Traveling internationally is one of the inevitable parts of my life as a missionary, but not something I ever thought about much beforehand. Before heading to Cameroon for the first time in 2010, I hadn’t even been out of North America. Truthfully, that was pretty normal for the majority of people I knew. Most of us didn’t even have passports, and international travel was something reserved for ‘rich’ people in my mind. I am often amazed by how almost ‘normal’ it has become. I find myself talking about exotic places like Italy and France with an unsettling degree of familiarity, reassuring nervous first-time passengers that the horrible noise of landing gear being lowered is ‘normal’ and ‘ok,’ helping non-English speakers figure out where to go in US airports (whose signs are amazingly monolingual for international airports!), and discussing the merits of various international airports and preferences for different airlines with some degree of knowledge. Crazy!
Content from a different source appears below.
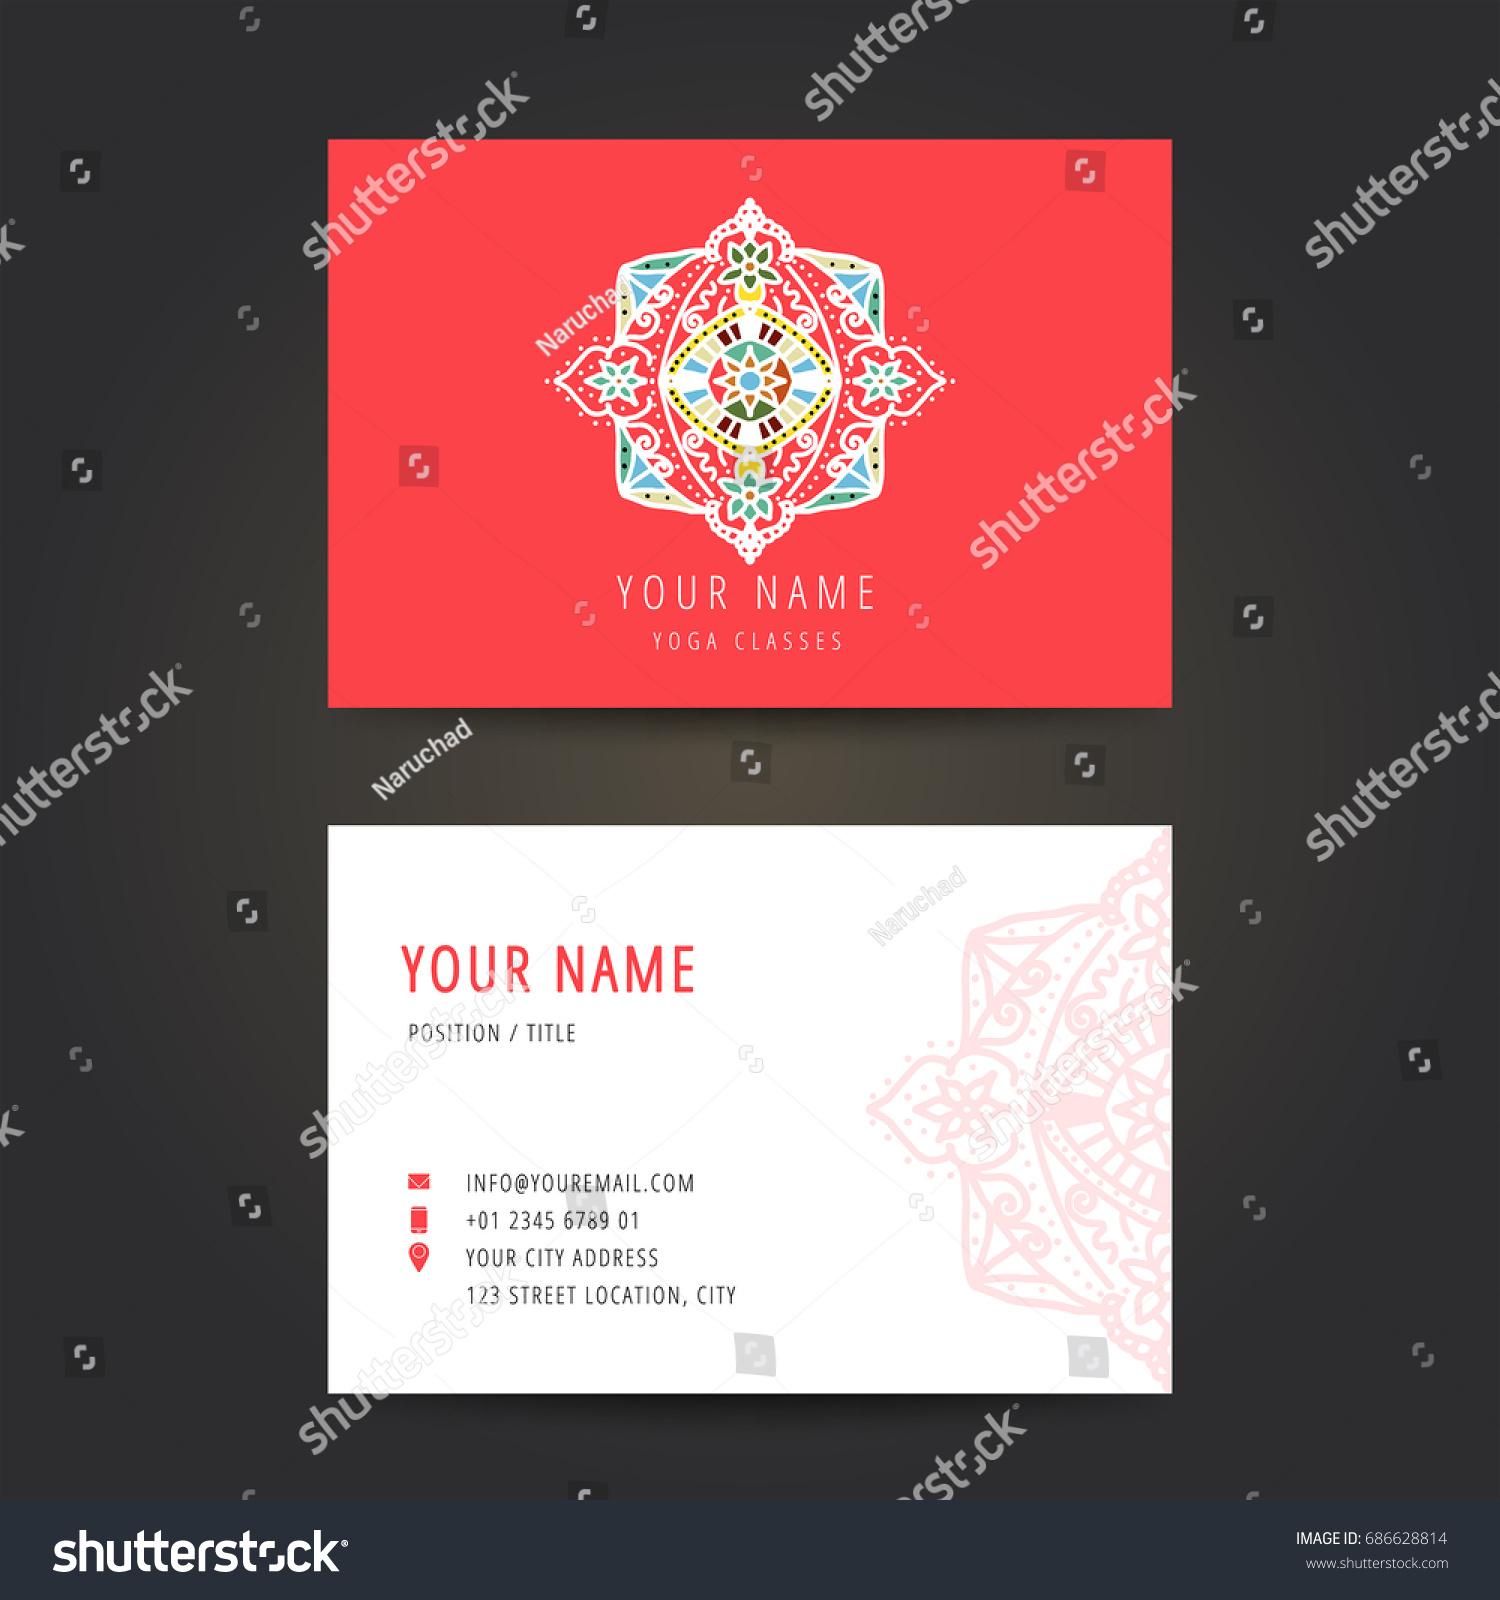 Design Template Yoga Studio Business Card Stock Vector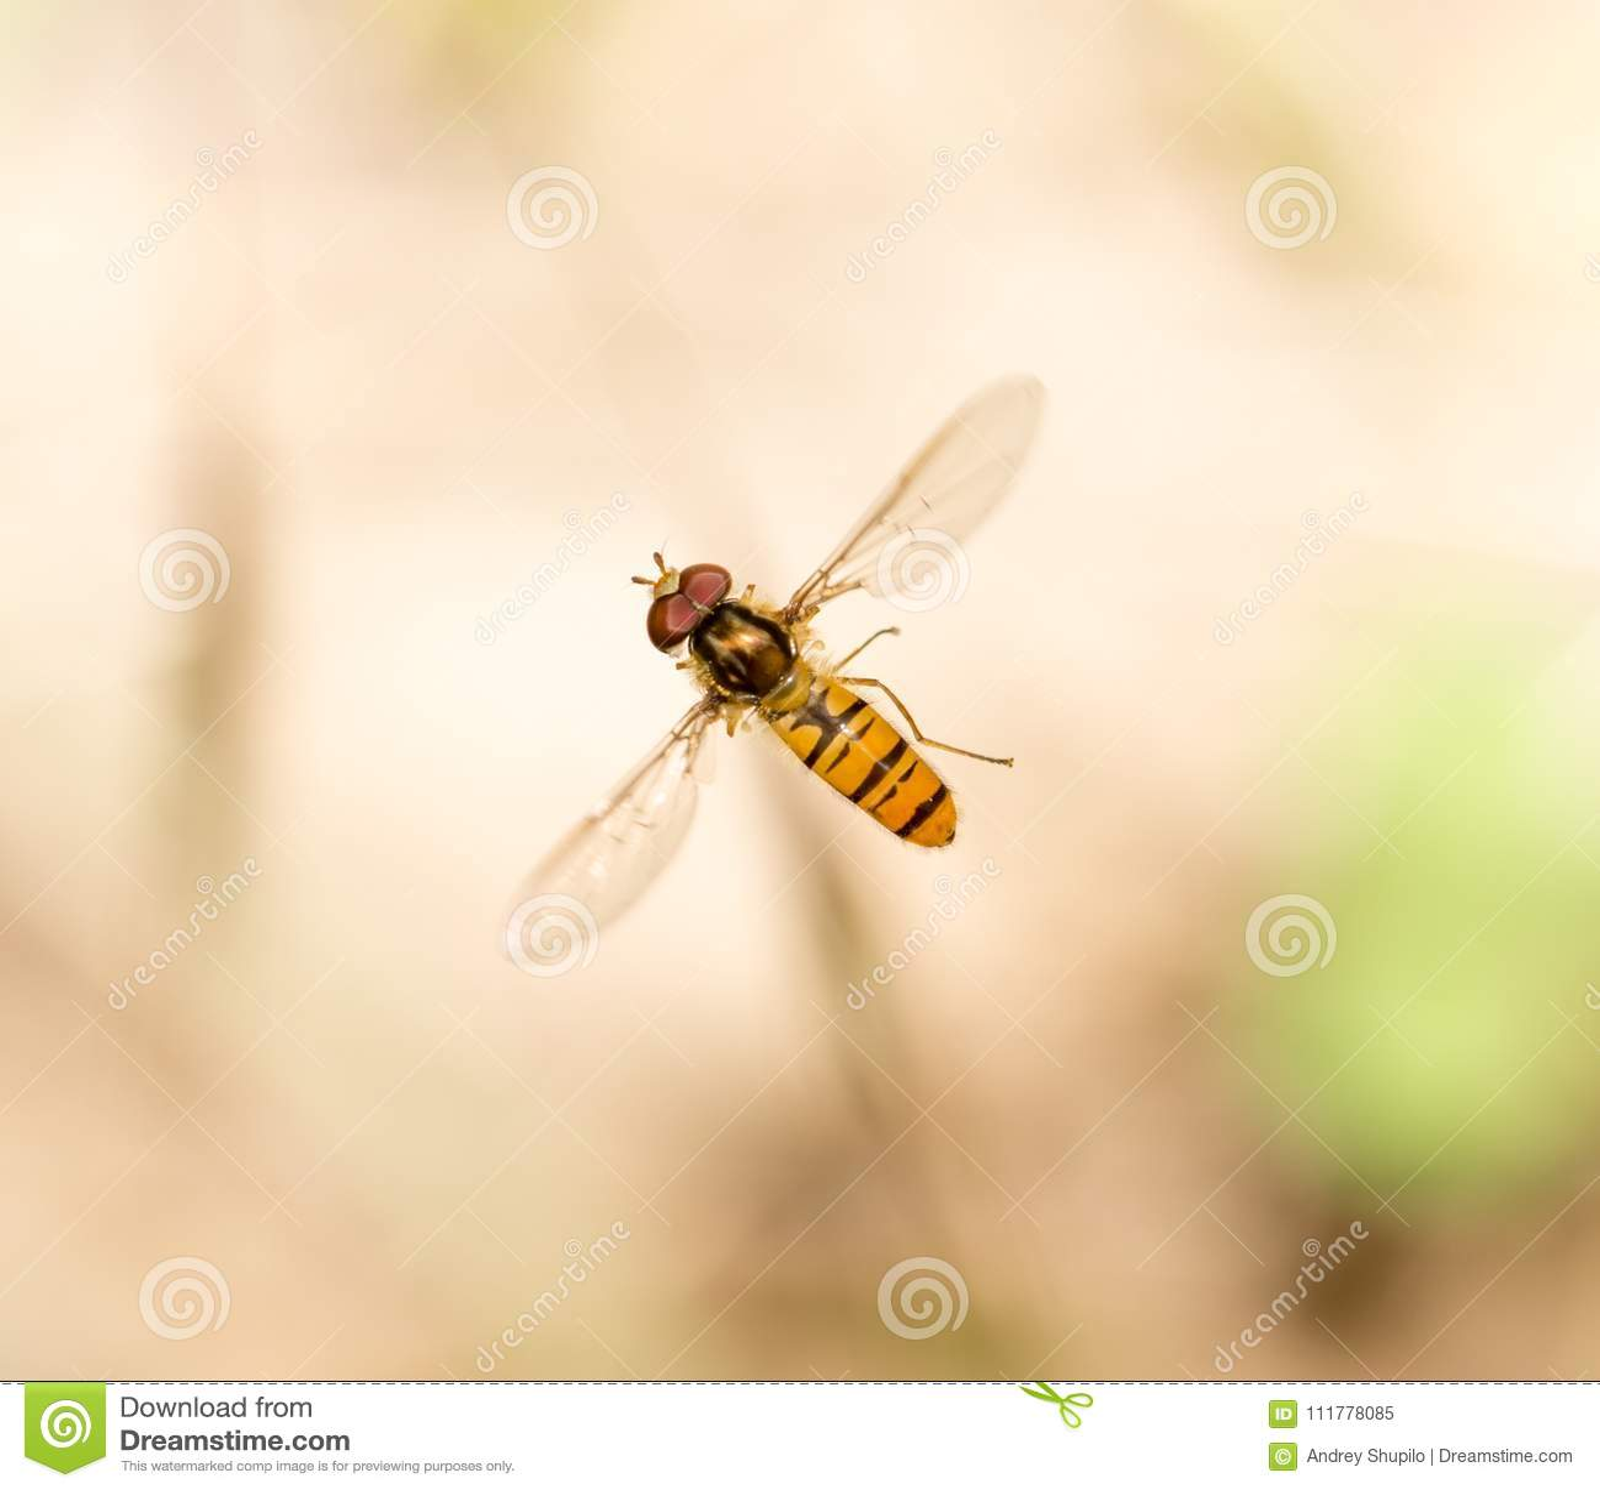 Fly in flight in nature. macro

Some friends of mine recently flew with their kids for the first time, and it was so much fun listening to how their kids reacted to the experience. At least one of them was so excited because several aspects of the trip were “just like in the movies!” I was struck by the contrast. Quite honestly, I have allowed that which is extraordinary to become ordinary, normal, maybe even mundane. Which leads me to ask myself: what other extraordinary aspects of my life have I allowed to fall victim to normalcy? I can come up with a whole list ranging from phone and other computing advancements that have occurred in my lifetime to the fact that this giant metal cylinder I am sitting in with probably a couple hundred people is FLYING, to the marvels of modern medicine. However, none of those hold a candle to what God has done!

Take a moment to consider the Bible stories that have become so routine to us that we don’t even consider how extraordinary they are anymore. How many soldiers did God allow Gideon to lead to victory against the Midianites? (go back to Judges and check it out!)What about the parting of the Red Sea or the stopping of the Jordan River? And you gotta love Elijah calling down fire from heaven on his water-soaked alter as a testimony that our God is SOOO much more than Baal. There are more of these ‘little’ miracles than I can count throughout the Bible. And then there are
the “big ones” like bringing Lazarus back from the dead – seriously people, think about that! He was dead long enough that he STANK! We aren’t talking about ‘hey, grab the defibrillator and see if a shock or two can restart his heart’ like we see in the movies. We are talking about giving life and health back to smelly decomposing flesh! The list could go on and on, for the Bible is filled with the extraordinary. But, how often do we step back from the familiarity of it all to really be astonished at what God has done and can do?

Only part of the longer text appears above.